■ **Required work**
Reproduce exactly, and only, the lines below from the one containing "General 1361x1000 Anna" through the one containing "Samsung Galaxy S20".

■ **Data under study**
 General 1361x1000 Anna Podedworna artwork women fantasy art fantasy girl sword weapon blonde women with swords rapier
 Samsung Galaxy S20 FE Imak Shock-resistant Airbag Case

* * *

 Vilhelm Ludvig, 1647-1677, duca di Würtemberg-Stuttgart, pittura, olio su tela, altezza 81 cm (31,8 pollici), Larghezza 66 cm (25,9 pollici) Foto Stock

==

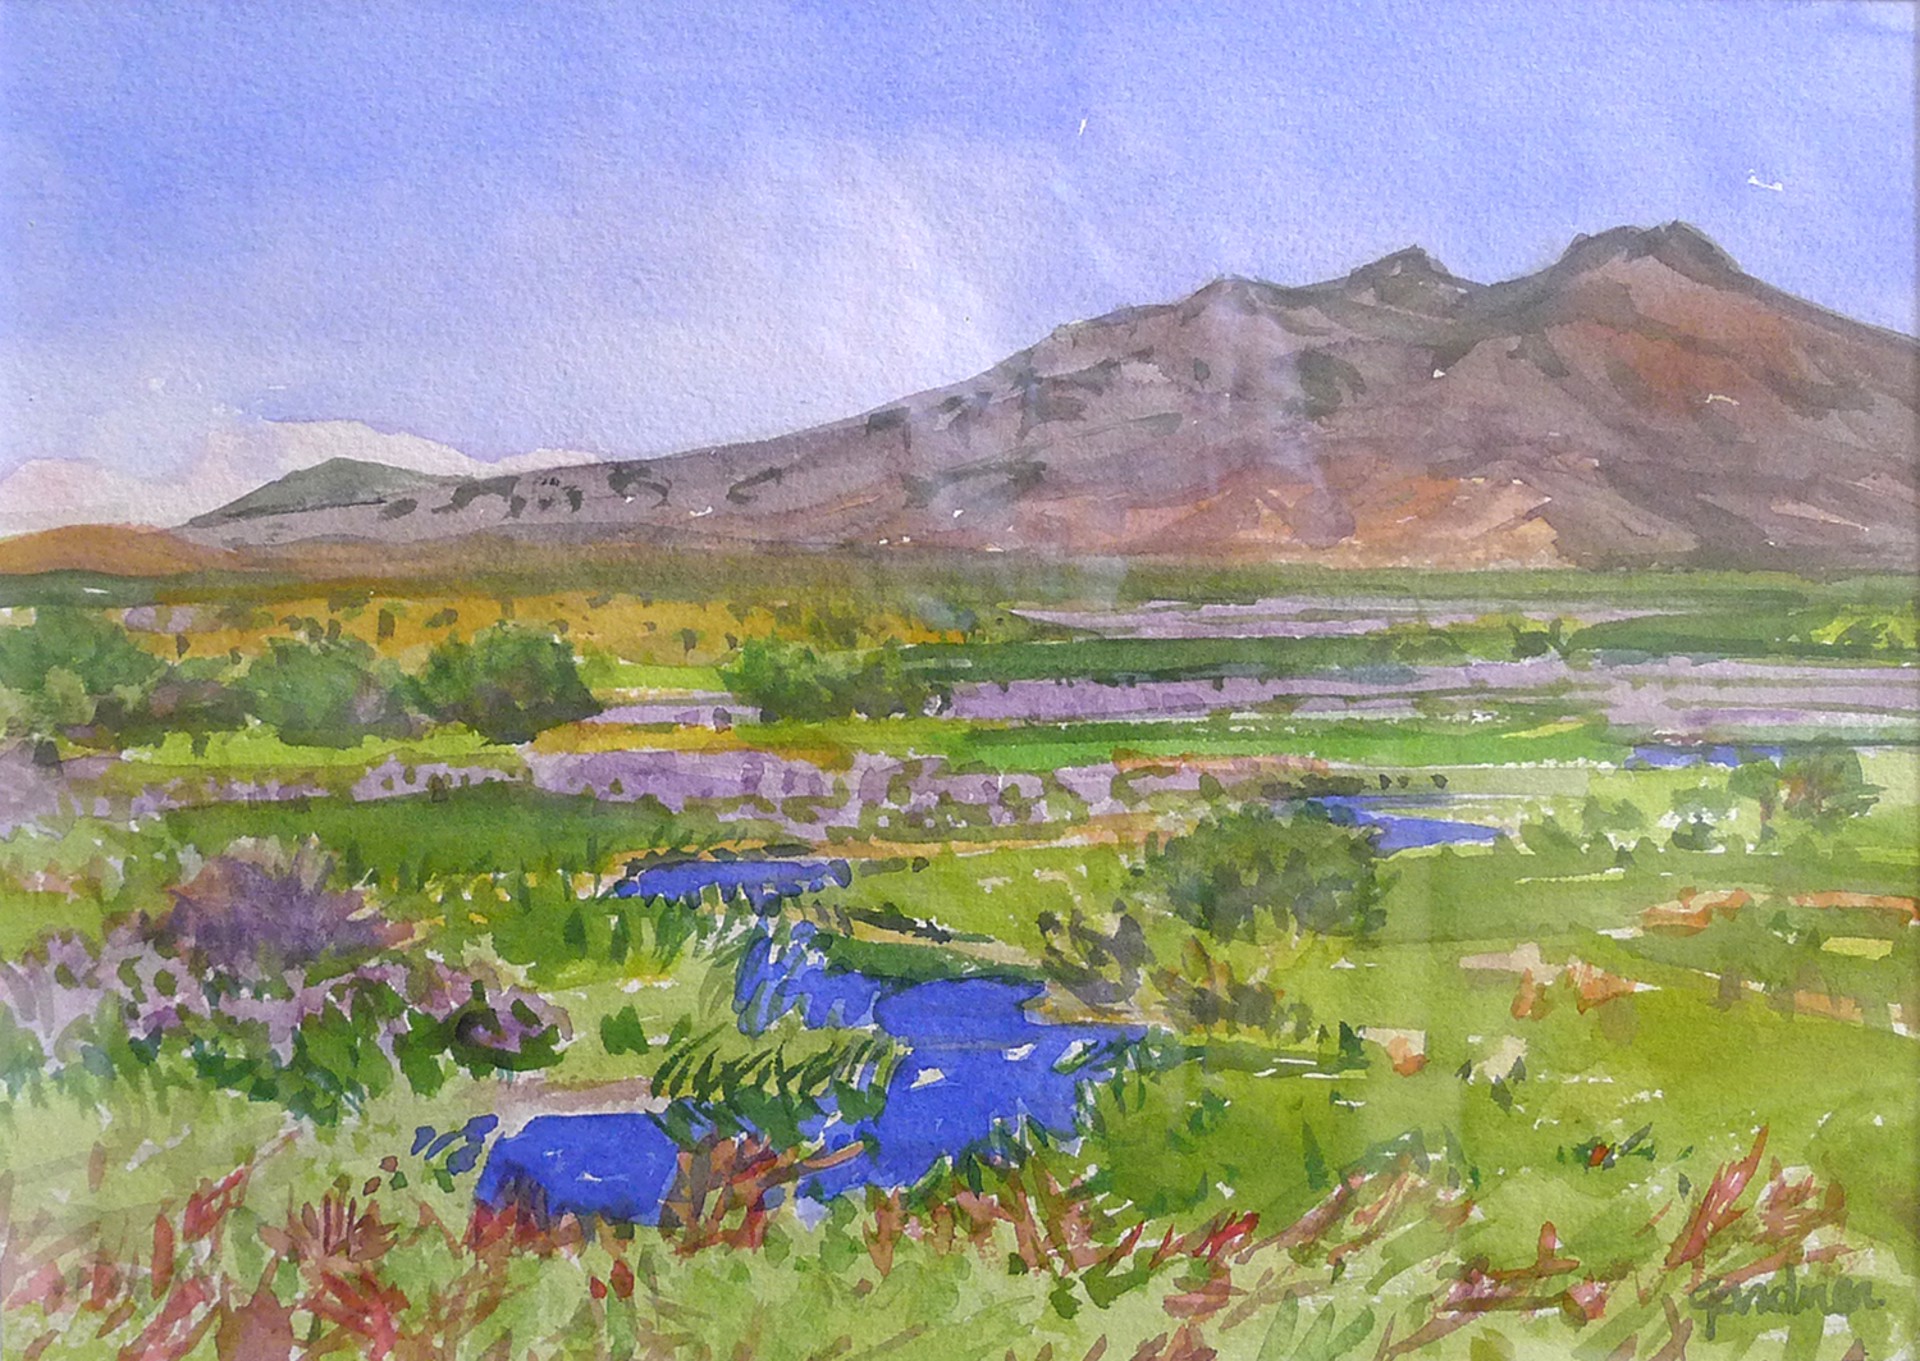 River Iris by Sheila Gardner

■ **Your solution**
 General 1361x1000 Anna Podedworna artwork women fantasy art fantasy girl sword weapon blonde women with swords rapier
 Samsung Galaxy S20 FE Imak Shock-resistant Airbag Case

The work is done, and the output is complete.